Aim of the task:
Your task is to reproduce the listing exactly, without its images.

Data below:

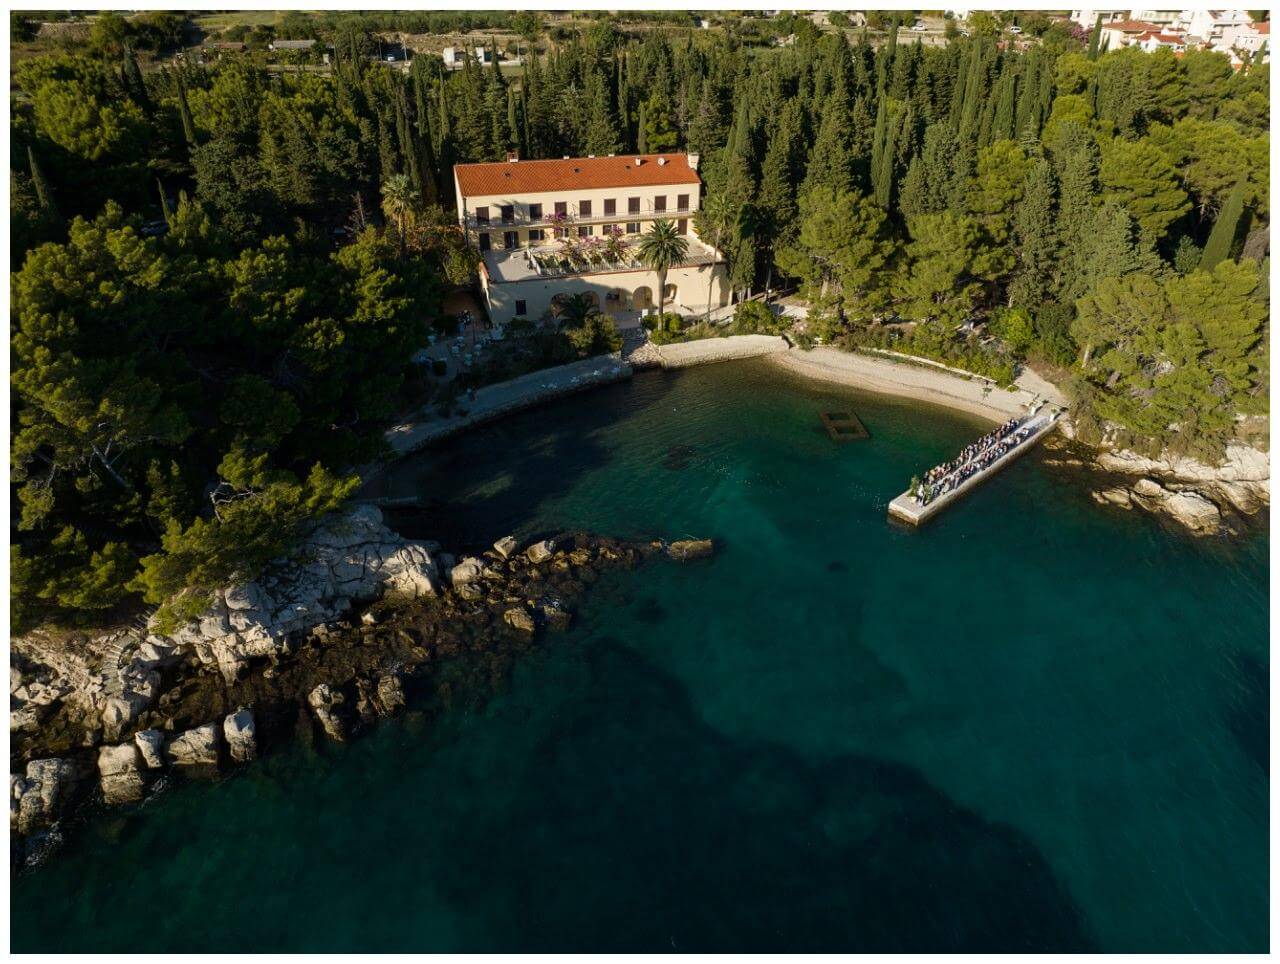 Private Villa Kroatien am Meer Real Wedding Kroatien, wedding in croatia,hochzeitsplanerin kroatien, hochzeit in kroatien
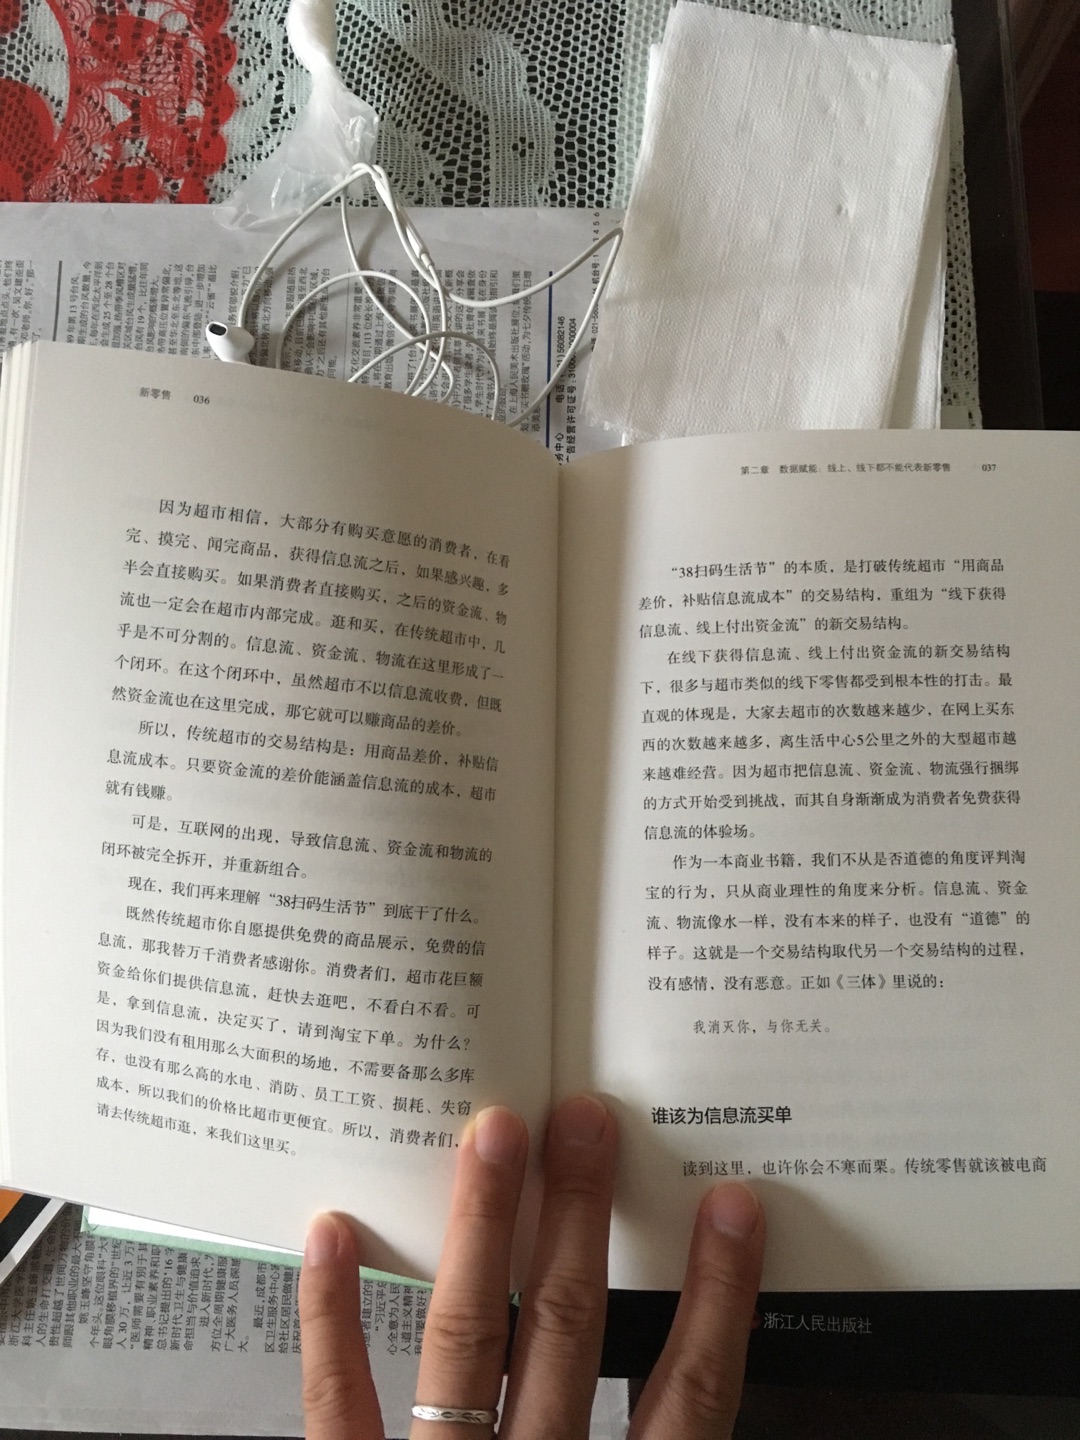 刘润老师的书出一本买一本  可惜稍晚一点  没有买到签名本  以后见面让老师签
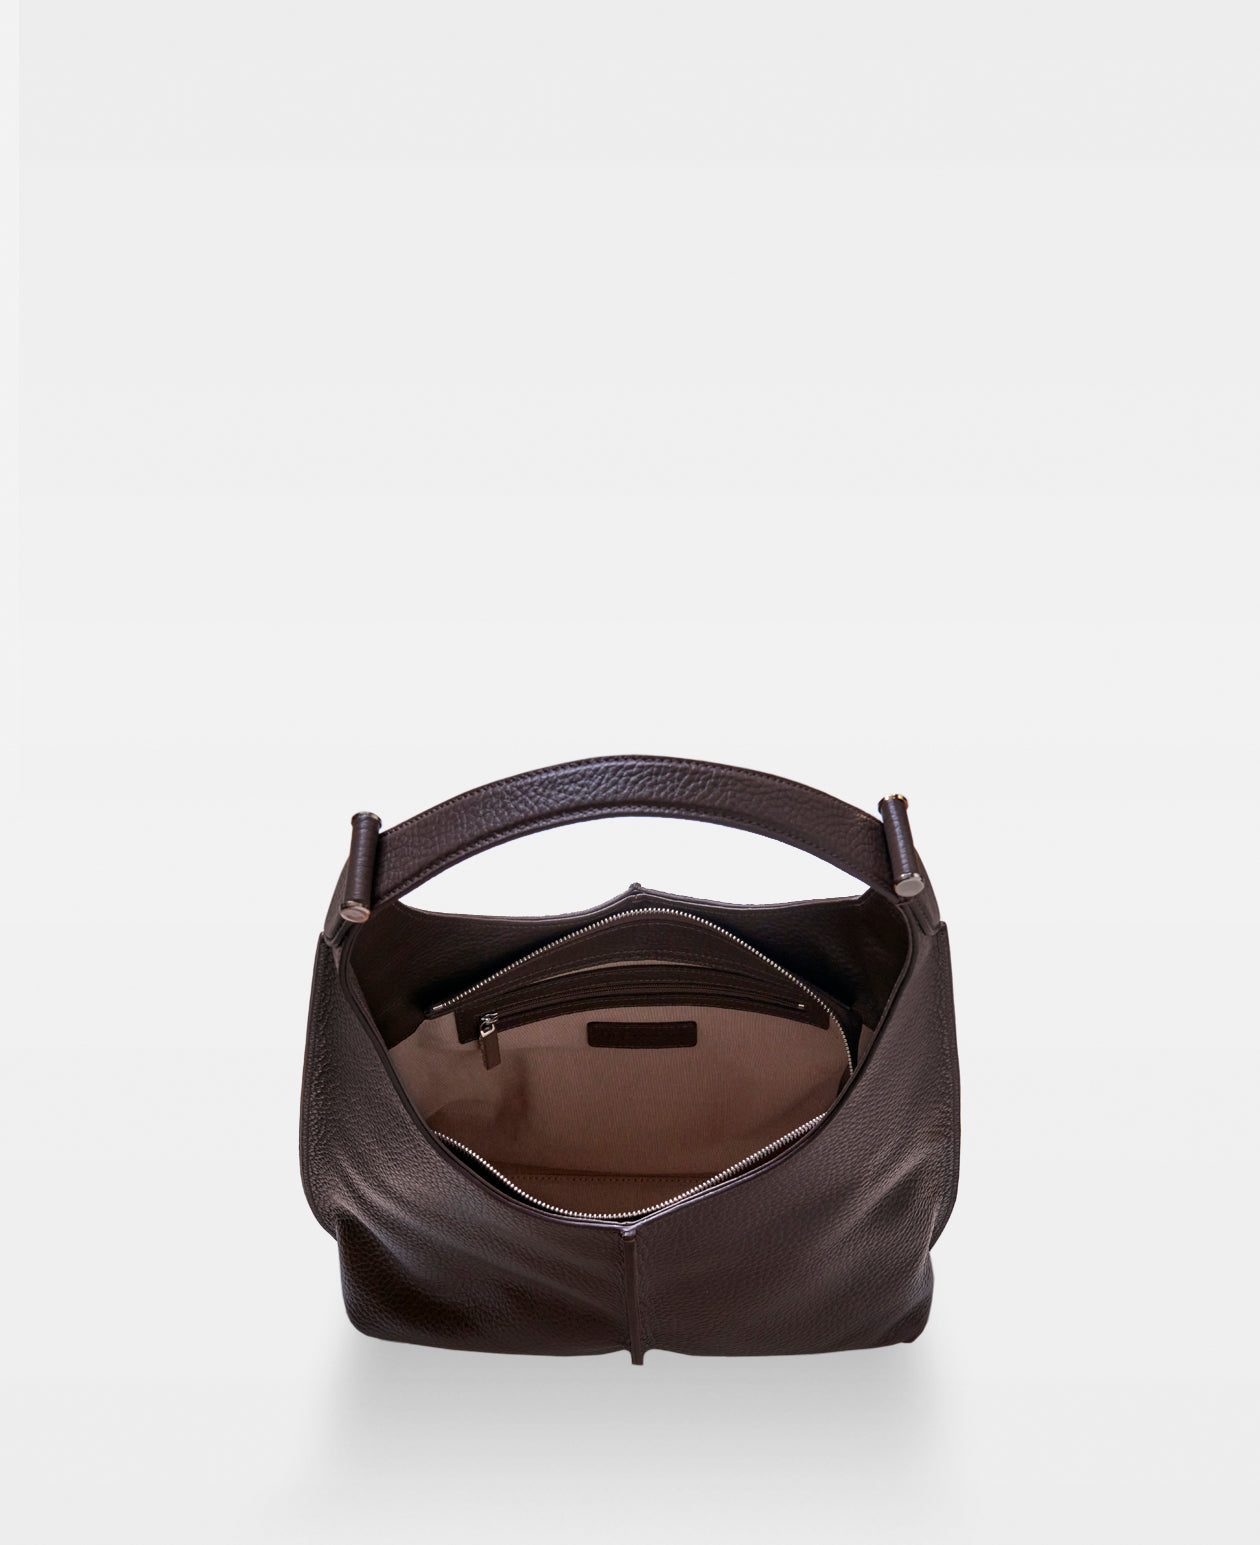 CAROL small shoulder bag - Mocha
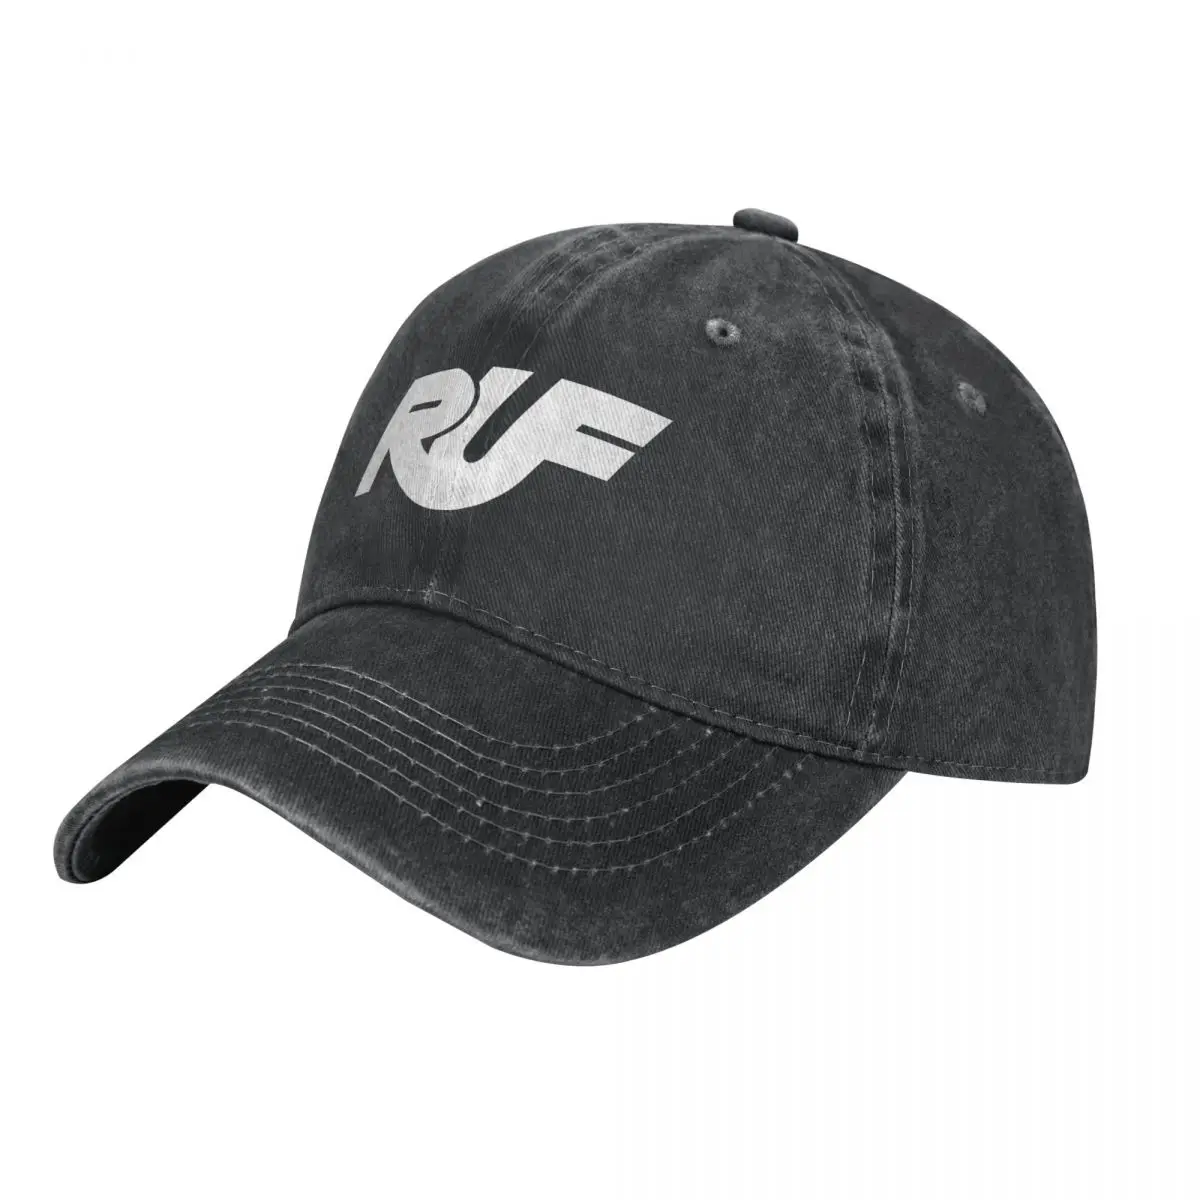 Ковбойская шляпа RUF Tuner, день рождения, новая в шляпе, Новая в шляпе для девочек, мужская

Response for this exercise:
 Private Villa Kroatien am Meer Real Wedding Kroatien, wedding in croatia,hochzeitsplanerin kroatien, hochzeit in kroatien
 刘润老师的书出一本买一本  可惜稍晚一点  没有买到签名本  以后见面让老师签
 CAROL small shoulder bag - Mocha
 Ковбойская шляпа RUF Tuner, день рождения, новая в шляпе, Новая в шляпе для девочек, мужская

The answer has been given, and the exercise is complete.